6. I am following here Lloyd's (1992) identification of the 'standard philosophical interpretation' of
Hobbes: 'Listen in on most any undergraduate philosophy course in which Leviathan is discussed
and you will hear a familiar story. Hobbes the individualist. Hobbes the theorist of power, advocate
of the view that sheer might makes order. Hobbes the pessimist, defender of the view that the only
alternative to anarchy is absolute subjection, that an overriding fear of death drives men to embrace
an apparent but necessary tyranny' (p. 6).
7. For example, Hobbes wrote that 'a son cannot be understood to be at any time in the state of
nature, as being under the power and command of them to whom he owes his protection as soon as
ever he is born, namely, either his father's or his mother's, or his that nourished him' (Hobbes 1972:
117). Elsewhere he referred to the idea of the state of nature as considering 'men as if but even now
sprung out of the earth, and suddenly, like mushrooms, come to full maturity, without all kind of
engagement to each other' (1972: 205). Hobbes was hardly so dim as to think that we did in fact
spring from the earth like mushrooms, which is what the view of him as a psychological egoist
implies.
8. See also Wagner's (1991) remarks on this question in relation to religion.
9. In 1967 Gert could hardly contain his frustration, and not much has changed since: 'it seems to me
incredible that anyone with an understanding of human nature that Hobbes displays...could be found
guilty of the traditional charge of holding as crude a theory as psychological egoism.
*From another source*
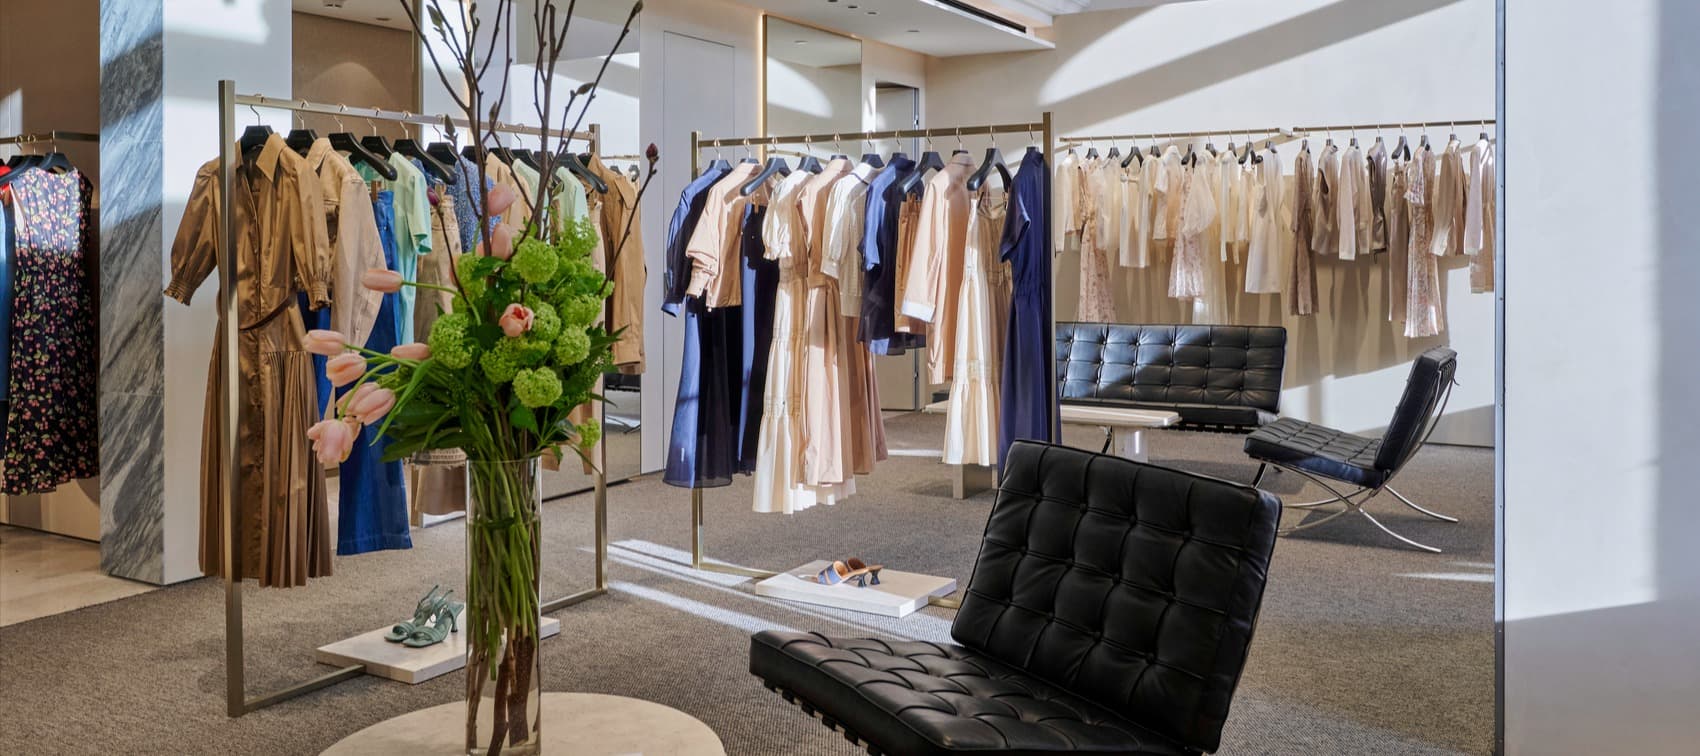 Фото новости: "В ГУМе на месте бывшего бутика Prada открылся магазин китайского бренда Ellassay"

An unbiased
look at the evidence, textual, philosophical, and historical shows beyond any reasonable doubt that
the traditional charge has not only not been proven, but that the evidence in its favor is
overwhelmingly outweighed by the evidence against it' (1967: 520).
10. Perhaps any dualism or opposition: micro/macro, real/non-real, male/female, state/society - the
possibilities are endless.
11. Collins argues similarly in this regard, that the 'longing for agency' is a retreat to 'a subjective
world constructed so as to offer the fantasy of subjective power' (1992: 77).
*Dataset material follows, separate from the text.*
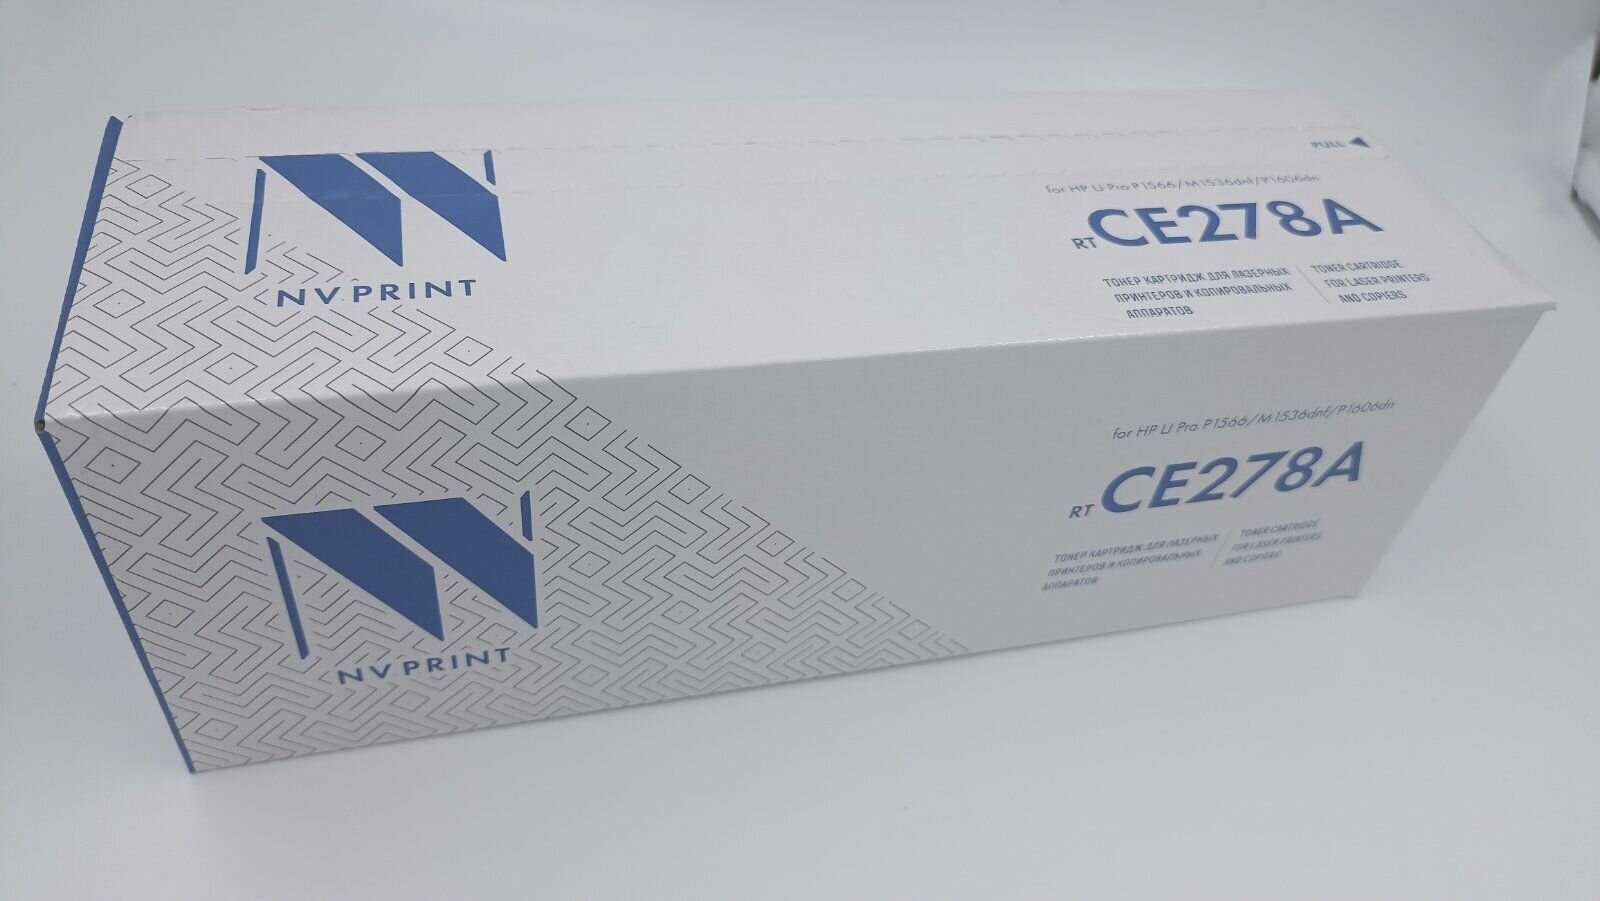 CE278A картридж, CE278A, картридж NV Print, черный, для лазерного принтера

12. Recent work in the sociology of emotions is rectifying this; see, for example Jack Barbalet's
(1997) "The Jamesian theory of action."
13. The famous opening line of Structure was a quotation from Harvard historian Crane Brinton,
'Who now reads Spencer?' (Parsons 1937: 3).
14. Edward Shils has put this well: 'A society is a "trans-temporal" phenomenon. It is not constituted
by its existence at a single moment in time. It exists only through time.....It has a temporal
integration as well as spatial integration' (1981: 327).
15. Recently the significance of this has been underlined by Pierre Bourdieu, who defines this form
of perception as thinking in terms of fields, a mode of thought which 'requires a conversion of one's
entire usual vision of the social world, a vision which is interested only in those things which are
visible' (1990: 192). Referring to Elias, he points out that thinking non-relationally also has the
effect of treating social units as if they were themselves human actors, and mentions the possible
'endless list of mistakes, mystifications or mystiques created by the fact that the words designating
institutions or groups, State, bourgeoisie, Employers, Church, Family and School, can be
constituted...as historical subjects capable of posing and realizing their own aims' (1990: 192).
16. Hence the continued attachment to them - for example, Mouzelis (1995) - and the inclination to
bridge, link or synthesise rather than abolish (Alexander et al 1987; Ritzer 1990).
17. I have here left out of consideration another implication of Latour's analysis, which is that we
may need to think about the history of sociology very differently, recognizing no clear dividing line
between premodern social and political thought and modern sociology. Both this question, and
whether Latour's analysis means rethinking Elias's own conception of history and social process, I
will have to leave to another paper.